Page:Revue des Deux Mondes - 1848 - tome 21.djvu/898

Le texte de cette page a été corrigé et est conforme au fac-similé.

Il osa de Jésus affronter le regard ?
Il vient par le désert qu’il a rendu complice,
Il roule sur le roc ou sur les fleurs il glisse ;
Il arrive sans bruit et de chaque horizon,
Et forme autour du cœur une étroite prison.
Mais Jésus s’est muni du jeûne et du silence,
Et l’esprit garde en lui toute sa vigilance.
Il avait vu de loin poindre cet ennemi
Qui nous cherche dans l’ombre et prend l’homme endormi ;
Et, pour la lutte armé d’une ardente prière,
Il veillait et pleurait, à genoux sur la pierre.

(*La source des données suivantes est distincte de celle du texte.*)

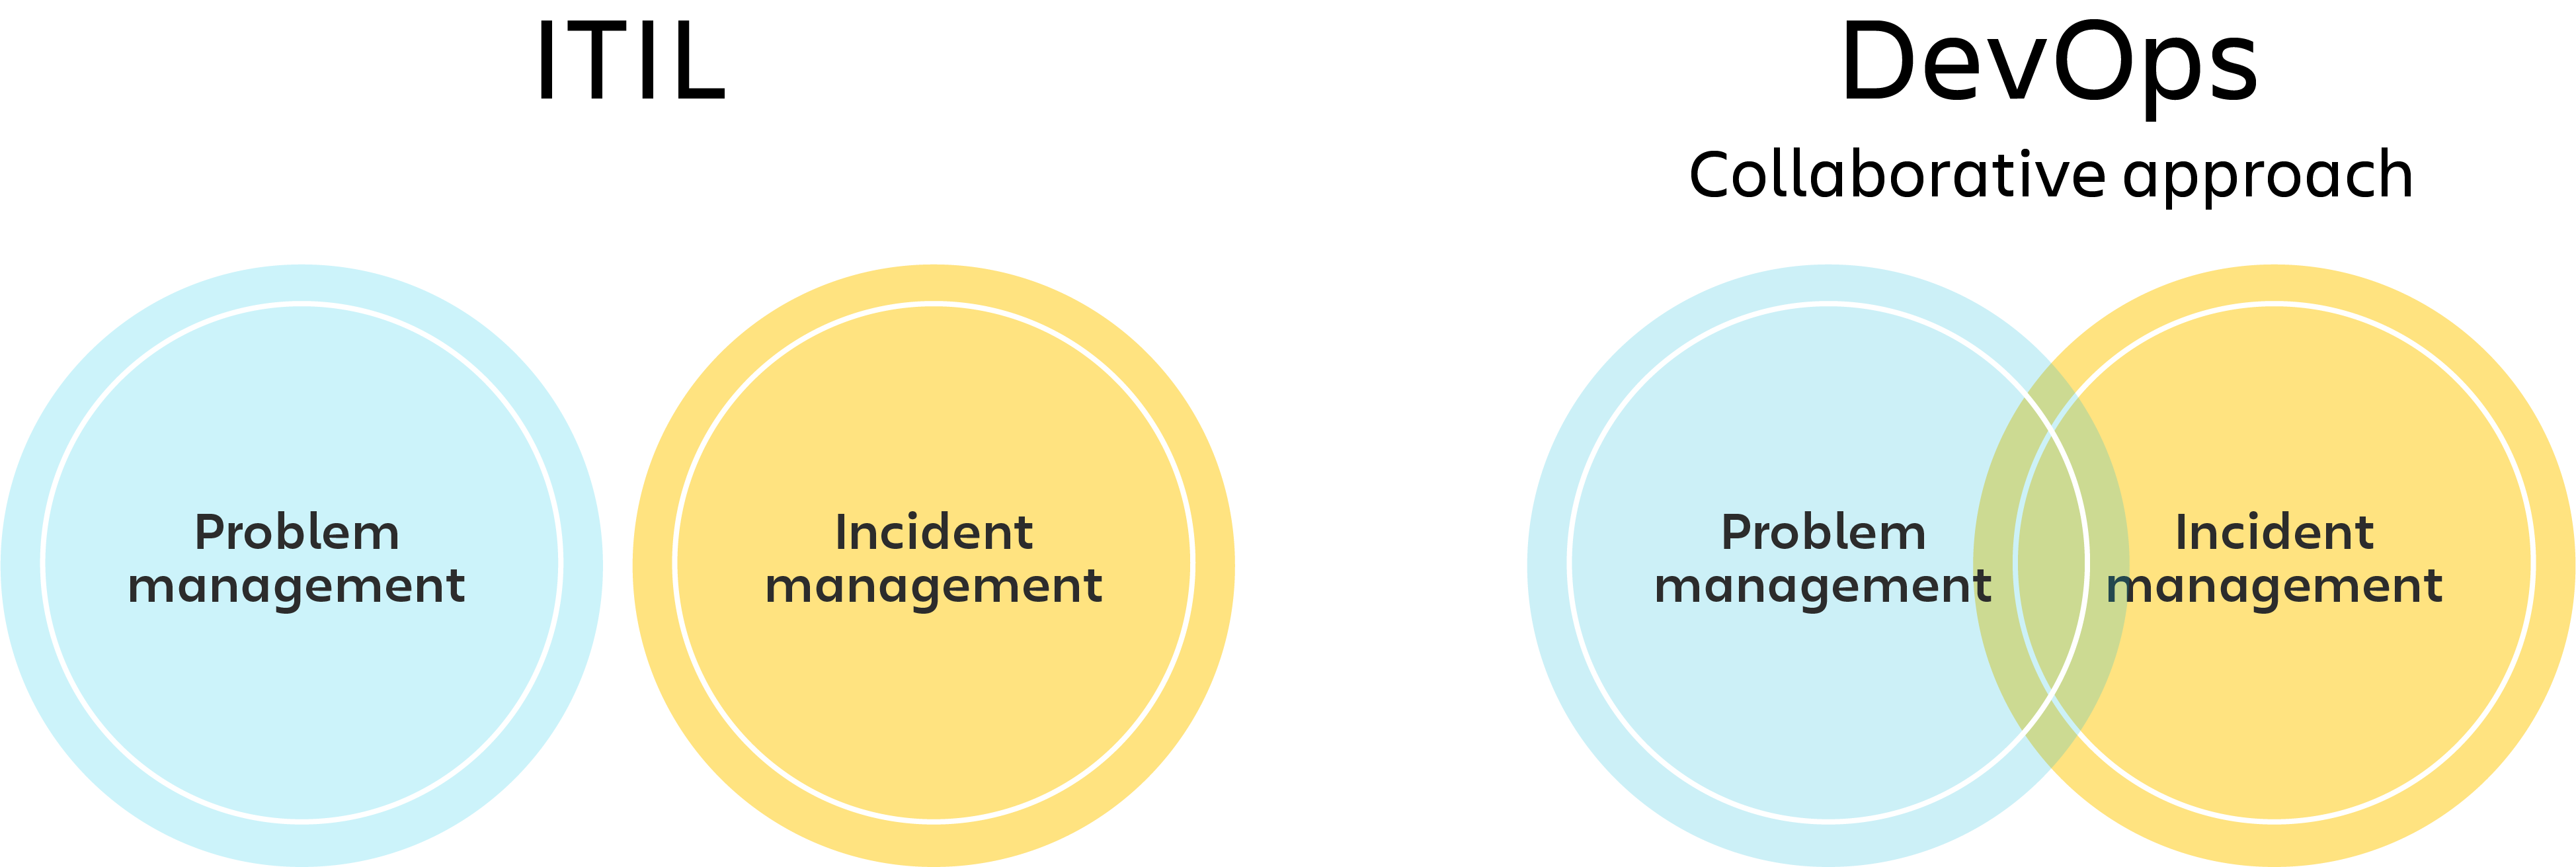 ITIL-diagram met afzonderlijke cirkels voor probleem- en incidentmanagement en DevOps-diagram met Venn-diagram van probleem- en incidentmanagement

« Mon père, disait-il, ma force est toute en vous ;
« Vous seul accomplissez l’œuvre que je résous ;
« Malgré ce nom de fils, dont votre amour me nomme,
« Je suis faible et craintif du jour où je suis homme,
« Et si votre vertu m’abandonne aujourd’hui,
« En moi le sang d’Adam faillira comme en lui ;
« Car tout nous vient de vous, de votre sein auguste,
« La lumière de l’astre et la candeur du juste ;
« Et tout s’éclipserait, l’ame et le firmament,
« Si le flot créateur tarissait un moment.
« Ce qui n’est pas de vous dans l’ame et la nature
« N’est que mal ou néant et menteuse figure.
« Tous les cœurs séparés de vous et qui croiront
« Trouver en eux leur vie et leur vertu mourront ;
« Ils sont pareils au fleuve orgueilleux de sa course
« Qui refuserait l’eau jaillissant de la source.
« L’humilité reçoit, à genoux sur le seuil,
« Ce flot vivifiant rejeté par l’orgueil.
« Sur l’homme humble et contrit vos présens se répandent,
« Car vous ne vous donnez qu’à ceux qui vous demandent.
« Il suffit, en pleurant, de dire un de vos noms,
« Et tout ce qui nous manque alors nous l’obtenons.
« Autour de nous rôdant l’esprit de mort épie
« L’heure où vous délaissez la maison de l’impie.
« Telle, au soir, sur un mont d’abord clair et vermeil,
« L’ombre envahit le flanc quitté par le soleil ;
« Ainsi le morne enfer occupe chaque place
« Des cœurs dont à pas lents se retire la grace.
« Versez-moi donc à flots ce rayon bienfaisant,
« O mon père, et dans moi soyez toujours présent.